Earlier this year, the federal government introduced the Prohibition on the Purchase of Residential Property by Non-Canadians Act (the “Act”), which comes into force on January 1, 2023. The stated purpose of the Act is to address Canada’s housing affordability crisis.
The Act will prohibit non-Canadians from purchasing residential property anywhere in Canada, directly or indirectly, for a period of two years ending December 31, 2024 (the “Prohibition”).
Non-Canadians are defined in the Act as:
- an individual who is neither a Canadian citizen nor a person registered as an Indian under the Indian Act nor a permanent resident;
- a corporation that is neither incorporated under the laws of Canada nor of a province;
- a private corporation incorporated under the laws of Canada or a province and that is controlled by a person referred to in paragraph (a) or (b) above; and
- a prescribed person or entity.
The Prohibition on the Purchase of Residential Property by Non-Canadians Regulations (the “Regulations”), issued on December 21, 2022 and which come into force on January 1, 2023, have clarified provisions in the Act which previously raised uncertainty.
Under the Regulations, entities that were not formed under the laws of Canada or a province, and entities that were formed under the laws of Canada or a province but are controlled by (1) an entity that was not formed under the laws of Canada or a province; or (2) one of (a), (b) or (c) listed above, are all prescribed as non-Canadian.
The Regulations also clarified the meaning of “control” under the Act.

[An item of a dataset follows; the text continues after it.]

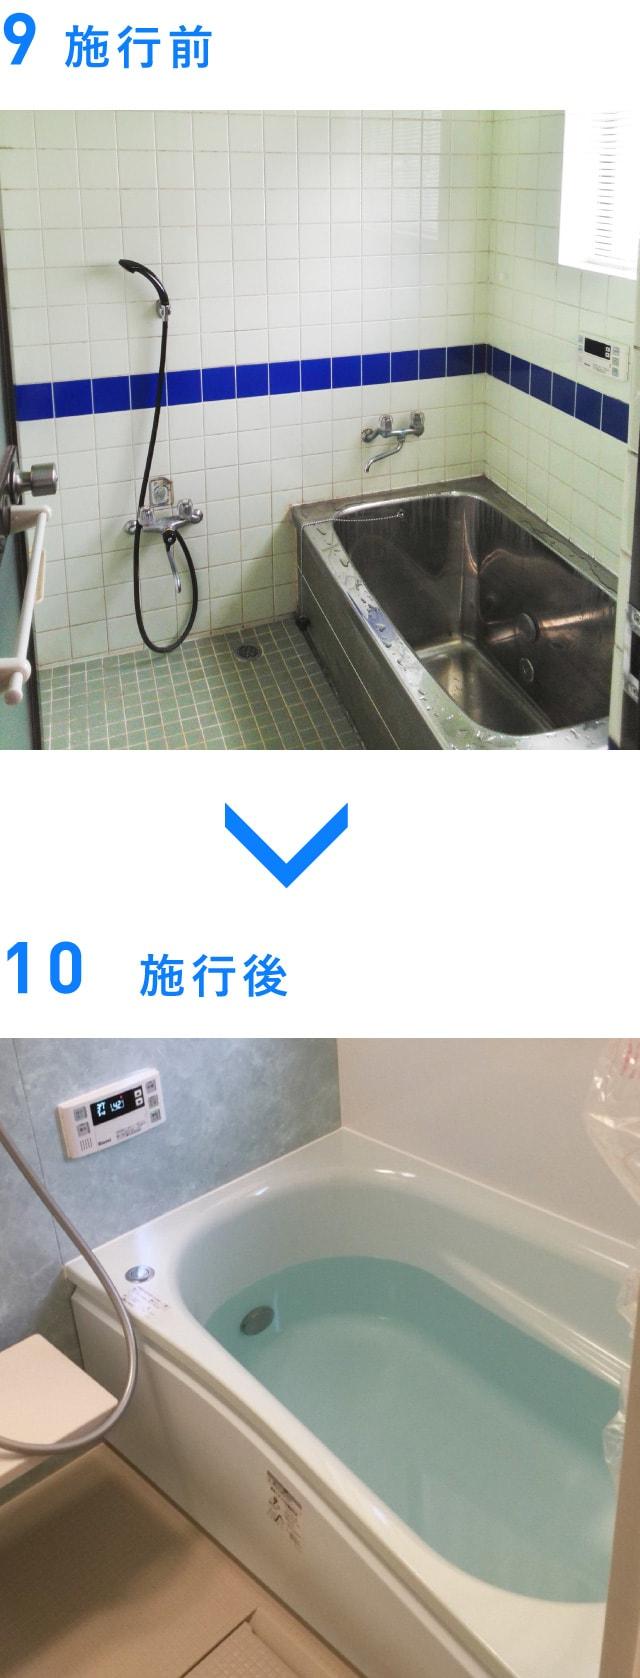 風呂工事の手順

With respect to a corporation or entity, “control” means either:
- direct or indirect ownership of shares or ownership interests of the corporation or entity representing 3% or more of the value of the equity in it, or carrying 3% or more of its voting rights; or
- “control in fact” of the corporation or entity (meaning having power and influence over the corporation or entity), whether directly or indirectly, through ownership, agreement, or otherwise.
The Prohibition ultimately applies to highly populated areas. Under the Act and Regulations, “residential property” means any real property or immovable (other than real property that is located in an area of Canada that is not within either a census agglomeration or a census metropolitan area) that is situated in Canada and:
- is a detached house or similar building, containing three or less dwelling units;
- is a part of a building that is a semi-detached house, rowhouse unit, residential condominium unit or other similar premises that is, or is intended to be, a separate parcel or other division of real property or immovable owned, or intended to be owned, apart from any other unit in the building; or
- does not contain any habitable dwelling (e.g. bare land), is zoned for residential use or mixed use, and is located within a census agglomeration or a census metropolitan area.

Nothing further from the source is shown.